Когда у СССР будет ядерное оружие, никакая другая страна не сможет встать у нее на пути. Володина жена Зоя и ее коллеги сделали ядерный реактор в лаборатории № 2 Академии наук – намеренно неопределенное название для центра советских ядерных исследований. Реактор был готов к запуску в Рождество, через шесть месяцев после рождения Константина, и сейчас малыш спал в яслях при лаборатории. Если эксперимент пойдет неудачно, то маленькому Коте не поможет, что он находится в двух-трех километрах от них: сровняет с землей весь центр Москвы.
Рождение сына вновь всколыхнуло у Володи противоречивые чувства относительно будущего. Он хотел, чтобы Котя вырос гражданином гордой и сильной страны. Советский Союз достоин того, чтобы доминировать в Европе, считал он. Именно Красная Армия разбила нацистов за четыре тяжелых года непрерывных военных действий; остальные союзники стояли в стороне, вели локальные войны и лишь в последние одиннадцать месяцев открыли второй фронт. Все их потери, вместе взятые, были крошечной частицей по сравнению с тем, что перенес советский народ.

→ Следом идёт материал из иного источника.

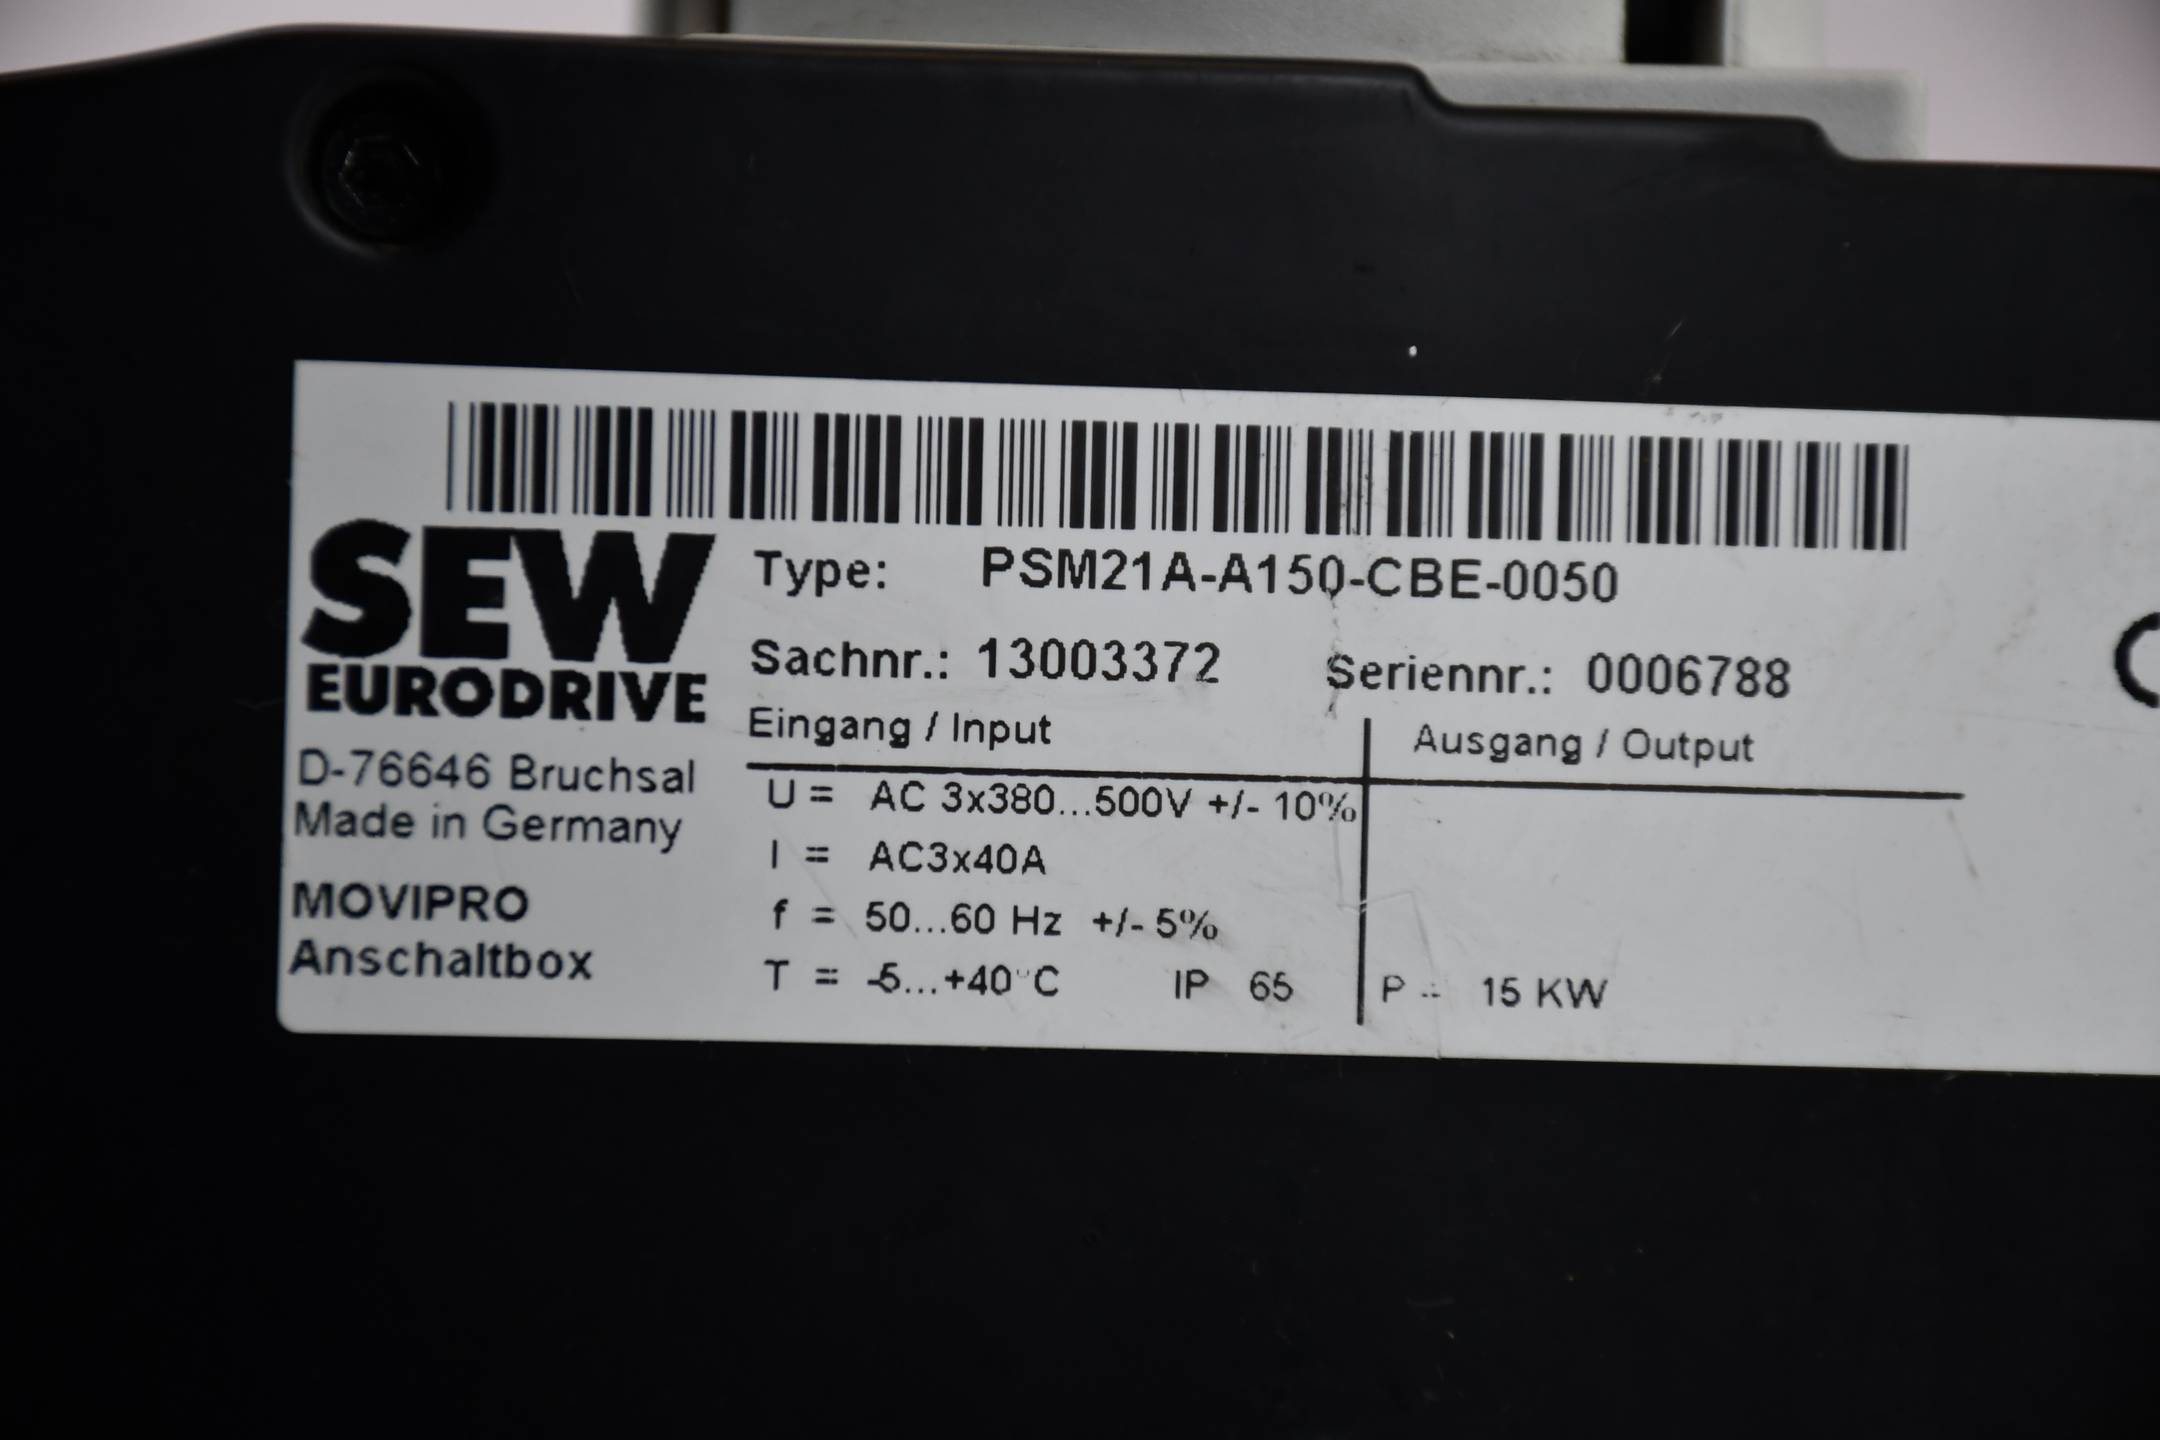 SEW Eurodrive Movipro® ADC PHC21A inkl. Schaltmodul PZM PSM21A-A150-CBE-0050

Но потом он думал о том, что значил коммунизм. Произвол, репрессии, пытки в подвалах НКВД, доведение победивших солдат до крайних зверств, целая огромная страна вынуждена подчиняться капризам тирана более могущественного, чем был царь. Действительно ли Володе хочется установить эту деспотическую систему и на остальной части континента?
Он вспомнил, как пришел на Пенсильванский вокзал в Нью-Йорке и купил билет до Альбукерке, не получая ни у кого разрешения и не показывая документов; и какое восхитительное чувство свободы захлестнуло его. Он давно сжег каталог Сирса и Робака, но в памяти Володи он остался – с сотнями страниц полезных вещей, доступных всем. Русский народ верил, что рассказы о западной свободе и процветании – просто пропаганда, но Володя знал об этом больше. В глубине души он отчасти хотел, чтобы с коммунизмом было покончено.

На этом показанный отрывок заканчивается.